Laua-an has an agricultural-based economy with rice, sugarcane and corn as primary crops. About 4,267,264 has. are devoted to agricultural crop production representing 22.83% of the total land area of the municipality. Laua-an produce Rice, Corn, Vegetables, Peanuts, Mango, Banana, Abaca and other crops. It has 42 Day Care Centers, 12 Complete Elementary Schools and 4 Secondary Schools. In Health services, it has 1 Rural Health Center, 8 Barangay Health Stations and 13 Health & Nutrition Posts. Laua-an has a total of 76.065 km. of Barangay roads; 2.160 km. of municipal roads; 2.450 km. of provincial roads and 11.125 km. of National Roads. A mini-hydro project is being constructed at Brguy. San Ramon by Sun West Water and Electric Company and at Sitio Sadsadan, Barangay Maybunga and Villa Siga Bugasong. Four cell sites (Globe, Sun and Smart) were installed at Barangay Poblacion, Bagongbayan and Liya-Liya rerspectively. It is observed that even upland barangays have signal which contributed to the improvement of information technology in the area.
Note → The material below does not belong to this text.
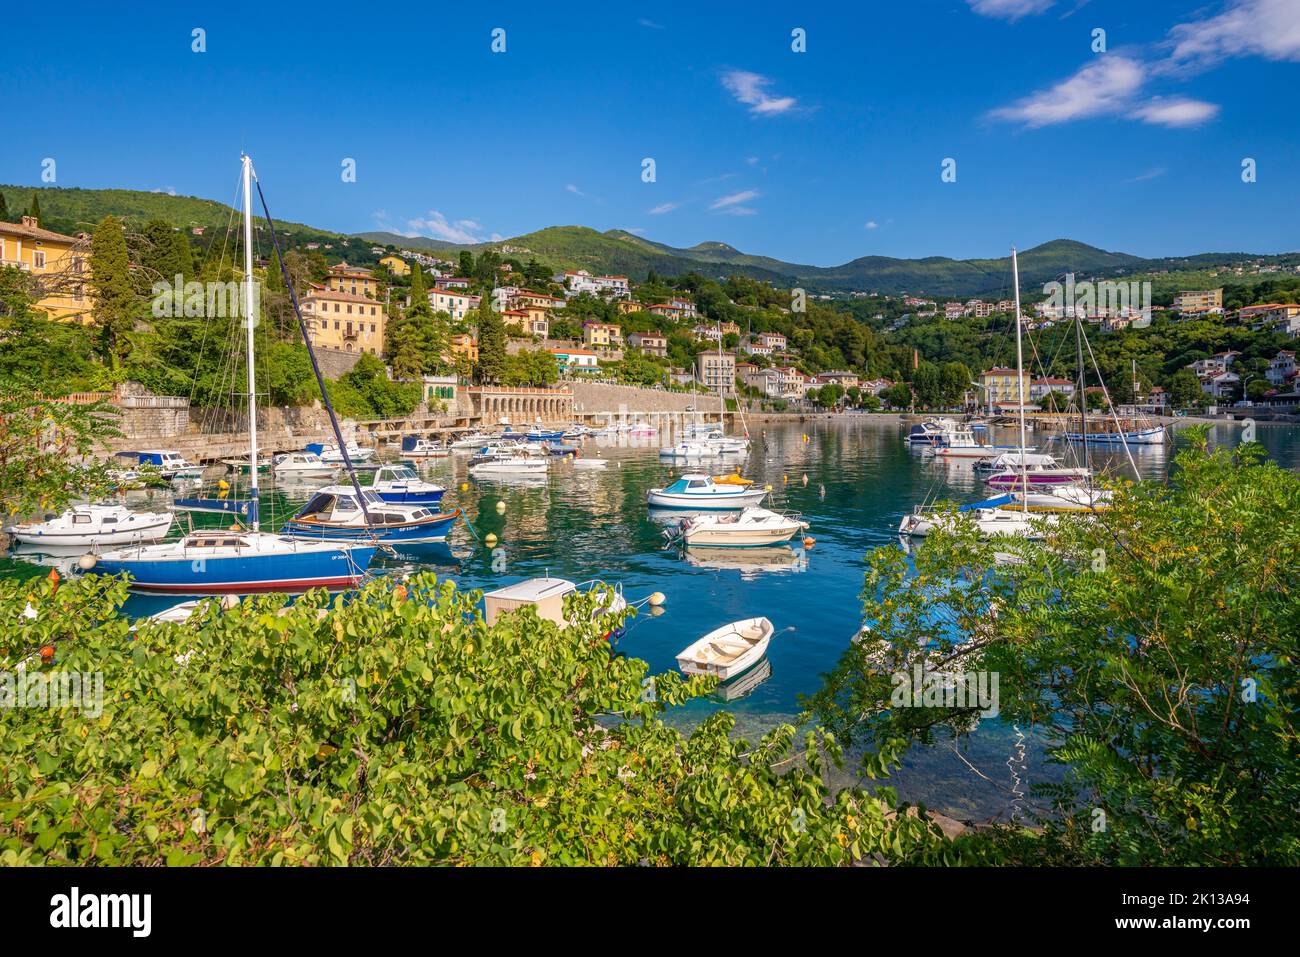 View of boats in the bay at Ika, Kvarner Bay, Eastern Istria, Croatia, Europe Stock Photo

Farming is the major occupation of the people and fishing is the secondary source of income. The deep sea waters of Sulu Sea is abundant with fish and marine life like sardines, tuna, squids, mackerel, crabs and other seafoods which is a source of living for most residents.

==Tourism==

Among the tourist attractions are Mount Igmatongtong in barangay Capnayan, Maybunga Water falls in barangay Maybunga, and Estaka Hill in barangay Poblacion. Estaca Hill in the Poblacion provides a strategic place to view the barangay Poblacion, the Sulu Sea and its environs.

==Culture==
The town celebrates its Pahinis Festival every January.

===Festivals===
Pre-Catholic pre-Spanish Indianized Srivijaya-era Pahinis Festival similar to Makar Sankranti, is celebrated annually to feature the muscovado sugar industry of the town, the technology of which dates back to the Spanish era. "Pahinis" means to clean and prepare the tools for sugarcane milling which corresponds to a celebration to thank God for a fine harvest of sugarcane.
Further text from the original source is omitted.